Ritchie Centre for Baby Health Research

Cardiovascular fetal & neonatal physiology

Sleep disordered breathing in children: implications for adult cardiovascular disease
Sleep disordered breathing (SDB) in children is represented by a continuum of symptoms ranging from mild to severe. Snoring is the mildest and most common form of SDB and occurs in up to 250,000 Australian children. The most severe form occurs when the airway closes intermittently during sleep and airflow into the lung ceases in what is known as obstructive sleep apnoea (OSA). It was once thought that only severe OSA was of clinical significance, but recent studies suggest that even mild SDB can adversely impact on daytime functioning and school performance. The key question we seek to answer is whether SDB in infants has long-term consequences for the child just as untreated SDB in adults has been shown to lead to hypertension and increased risk for cardiovascular disease and stroke.

We are currently investigating how SDB affects cardiovascular, behavioural and neuropsychological outcomes of preschool and primary school children. Our unique studies combine a full clinical description of SDB severity, continuous non-invasive measurement of blood pressure, spectral analysis of brain activity and complete behavioural and neurocognitive testing. Our preliminary data suggest that even mild SDB in primary school children increases blood pressure and heart rate as well elevated behavioural and neurocognitive problems. We plan to follow up our cohort of children to assess whether treatment of SDB reverses hypertension and behavioural and neurocognitive deficits. We will also investigate the cardiovascular effects of SDB in Down Syndrome children who are at much greater risk of SDB.
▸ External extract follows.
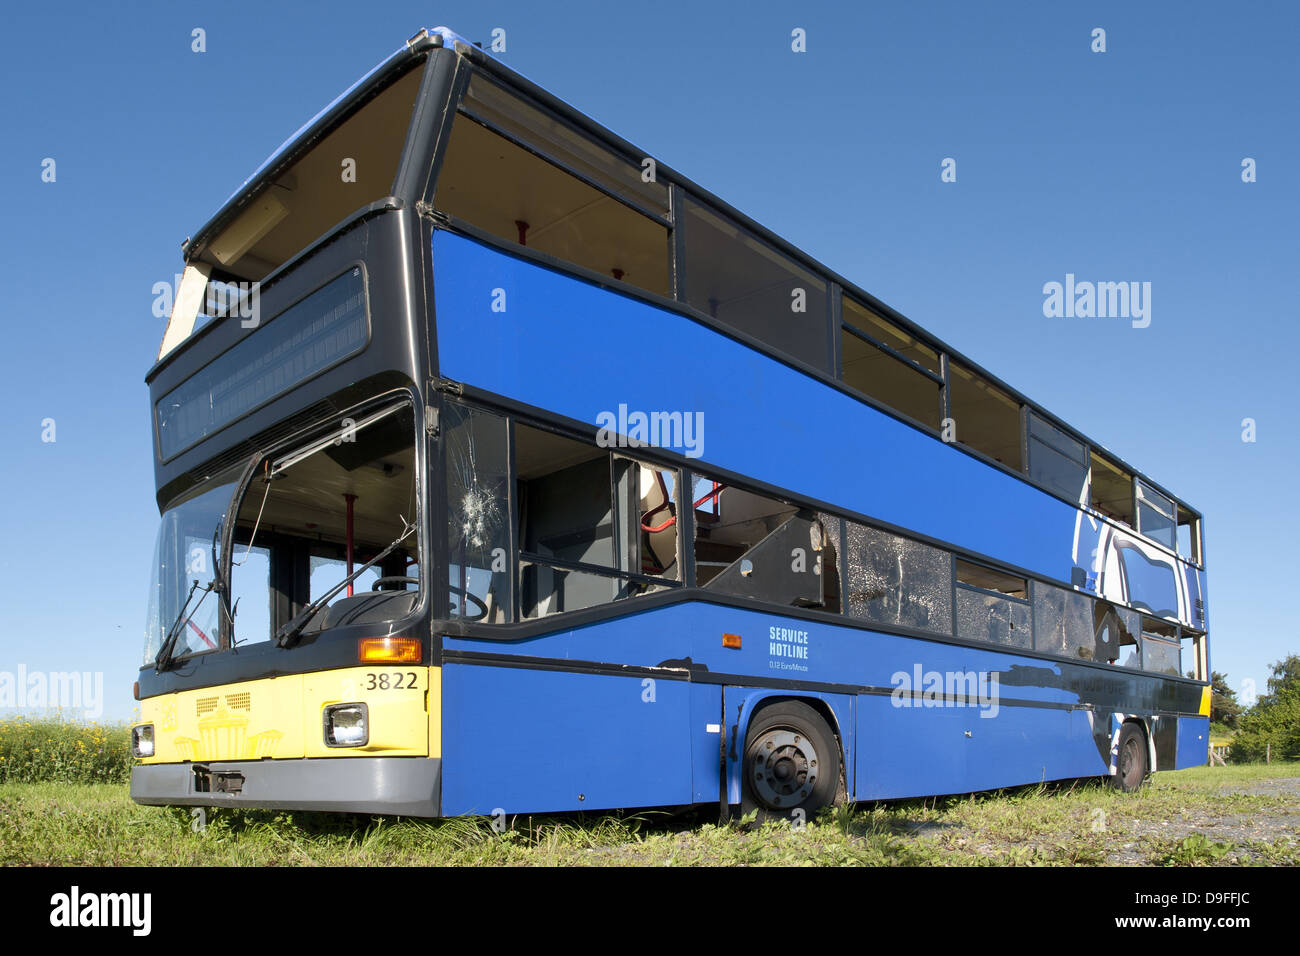 Beschaedigter Doppeldeccurbus auf einem Parkplatz |dañado autobús de dos pisos en un lote de estacionamiento| Foto de stock

Bedside monitoring of cerebral oxygenation in infants with hypoxic-ischaemic cerebral injury
Hypoxic ischaemic encephalopathy (HIE) occurs in 2 to 3 cases per 1000 term births, with mortality rates of 10-60%, and at least 25% of survivors having neurodevelopmental sequelae. Based on experimental and clinical evidence that therapeutic hypothermia is beneficial to term newborns with HIE, tertiary neonatal units now offer whole body cooling as recommended therapy. Yet, there are significant unresolved issues in the application of cooling, including uncertainty relating to appropriate monitoring during cooling and re-warming, potential side effects, and long-term outcome.

To assess the effectiveness of cooling we have been using Near Infrared Spectroscopy (NIRS) to create bedside measures of cerebral haemodynamics and oxygenation in HIE infants that can be employed at the bedside soon after birth and during the period of cooling and rewarming. The tissue oxygenation index (TOI) allows us to continuously monitor autoregulation in the cerebral circulation by quantifying the coherence of arterial pressure and TOI in frequency-domain analysis. Our results to date show that cotside measurements of TOI in HIE infants allow us to monitor cerebral injury, the response to hypothermia and rewarming, and the effects of spontaneous cardiovascular changes and those resulting from drug treatment. A full assessment of the value of TOI monitoring awaits a study as to whether it has a beneficial impact on neurodevelopmental outcome.

Impact of dopamine on the cerebral oxygen metabolism in the immature brain
Acquired cerebral injury and subsequent neurodevelopmental disability is a serious problem for infants born prematurely. Although the proposed aetiologies are complex, many of them invoke abnormal regulation of cerebral blood flow (CBF). There is now substantial evidence that CBF in preterm infants varies directly with the level of mean arterial pressure (MAP), implying that hypotension would lead to cerebral ischaemia. Given the risks of hypotension, inotropic agents, mainly dopamine, are widely used for the maintaining MAP in preterm infants, in order to preserve organ perfusion, particularly CBF. Despite the widespread use of dopamine in preterm infants, there is currently no information available on the effects of dopamine on the interrelationships between CBF, cerebral tissue oxygen delivery and cerebral oxygen consumption in the immature brain.

We have already obtained data in preterm infants demonstrating that dopamine can promote cerebral blood flow-metabolism coupling which is a fundamental feature of the mature brain. It is possible that as a result of dopamine promoting the vascular tone, cerebral vessels in the immature brain may overcome “vasoparalysis” and recover their intrinsic ability to vasoconstrict and autoregulate. Experimental studies using animal models receiving dopamine after an induced hypotension would help to clarify the potential mechanisms and the time course of recovery of vessel reactivity and autoregulation. The clinical significance of such studies is that a dopamine-induced improvement of flow-metabolic coupling may confer neuroprotective effects in the immature brain at risk of hypoxic-ischaemic injury.